4. Candidate frame lists¶
For some experiments, it common that only a small fraction of the data from XFEL experiments is scientifically interesting (with the beam hitting the sample for example). To use our data storage facilities efficiently, we would like to filter the calibrated data and only store the interesting parts. (The full calibrated data set will be available for a short time only.) The raw data will be stored in full for now, but in the future it may be necessary to filter this data as well.
We therefore work towards running analysis tools during experiments, to decide which frames are potentially interesting. (A frame is the unit of data coming from one detector exposure, across all detector modules. This corresponds to one X-ray pulse.) These tools should err on the side of including borderline frames, which may later be rejected by more specific algorithms.
4.3. The file format¶
This document describes a simple file format for such tools to declare which frames should be preserved and processed for later analysis. Specifically, it describes version 1.0 of the format.
The scope of this file is assumed to be one run and one detector.
4.4. Overall file format¶
Candidate frame list files are UTF-8 encoded text, with lines terminated by a single line-feed character (Unix style line endings).

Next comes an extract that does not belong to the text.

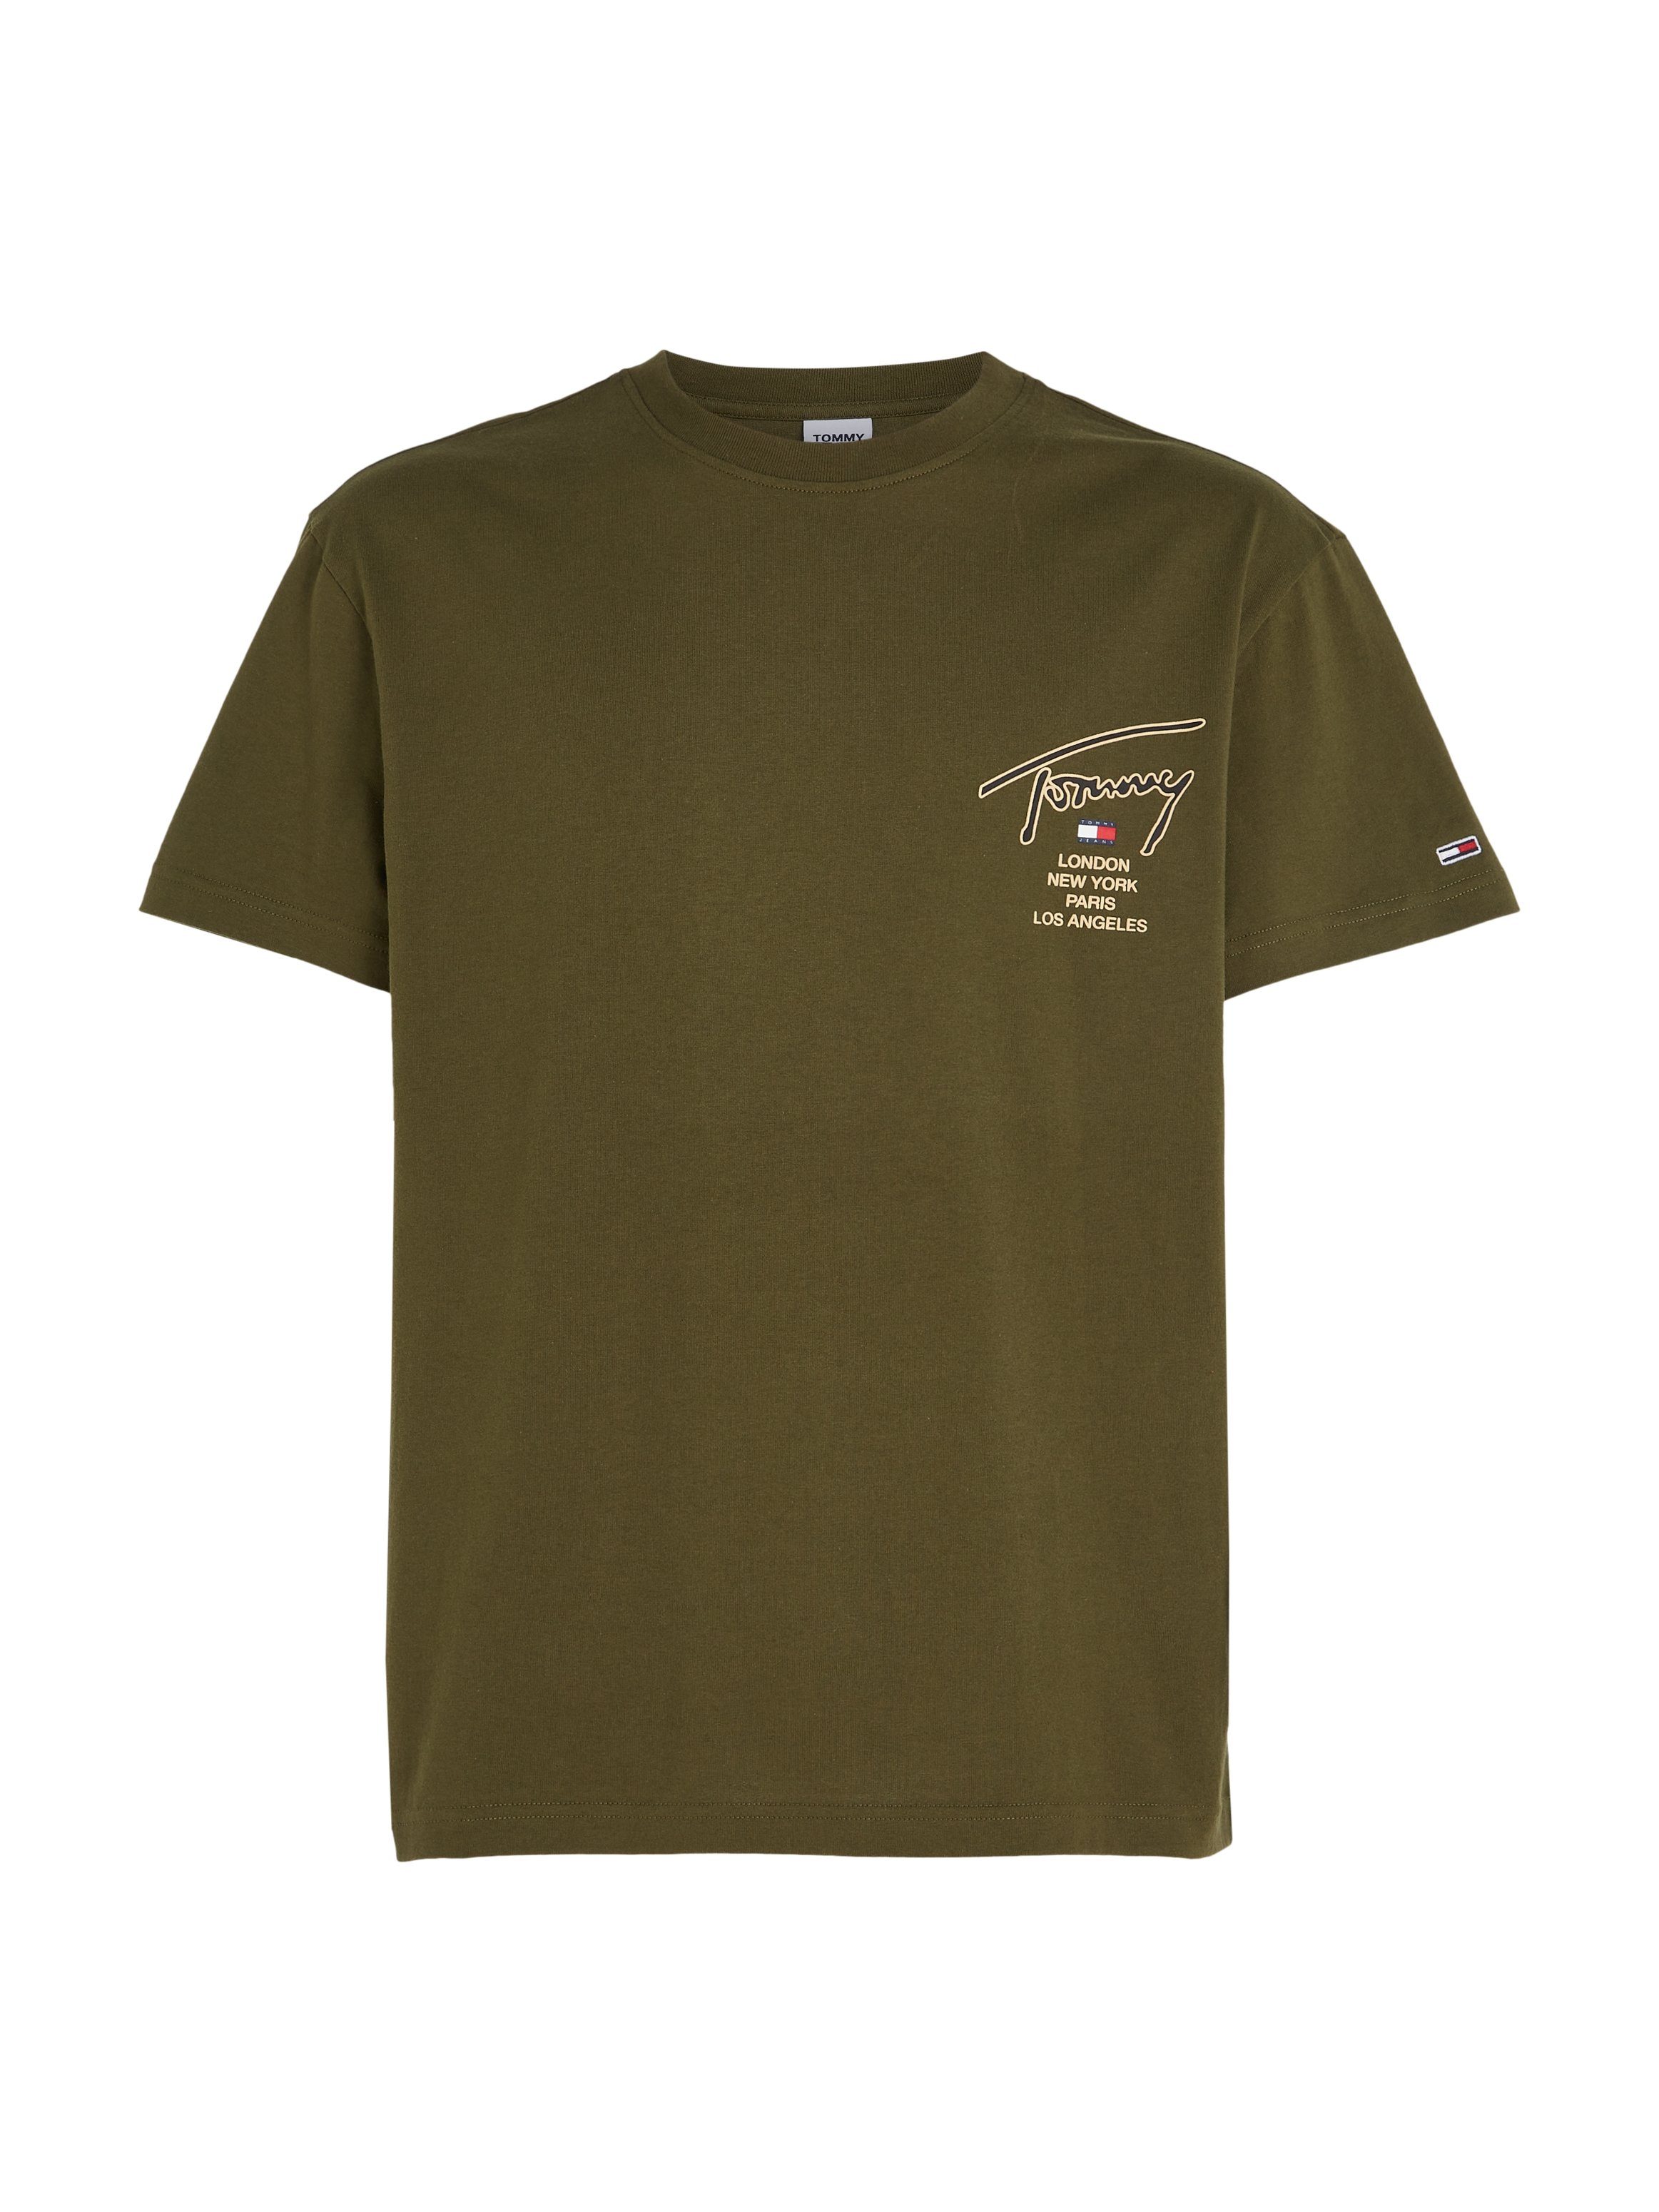 CLSC Green GOLD Tommy BACK SIGNATURE TEE T-Shirt Jeans TJM Olive Drab

Each file has a header section and a data section, separated by an empty line. No empty lines are allowed within the header or data sections. The file ends with a single newline.
4.5. Header section¶
The first line of the file is exactly
xfel.eu candidate-frame-list v1.0.
The version number within this will change if the format changes:
incrementing the first part indicates incompatible changes, and
incrementing the second part indicates compatible changes, such as
defining a new header.
Code reading these files should inspect the version number in this line, and fail if it cannot process that file version.
After the first line, the header may include comments, beginning each
comment line with a
Comments are ignored by code reading the file, but their use is encouraged
to document how the candidate frame list was generated:
e.g. which tool and which version produced the file,
along with any relevant input parameters.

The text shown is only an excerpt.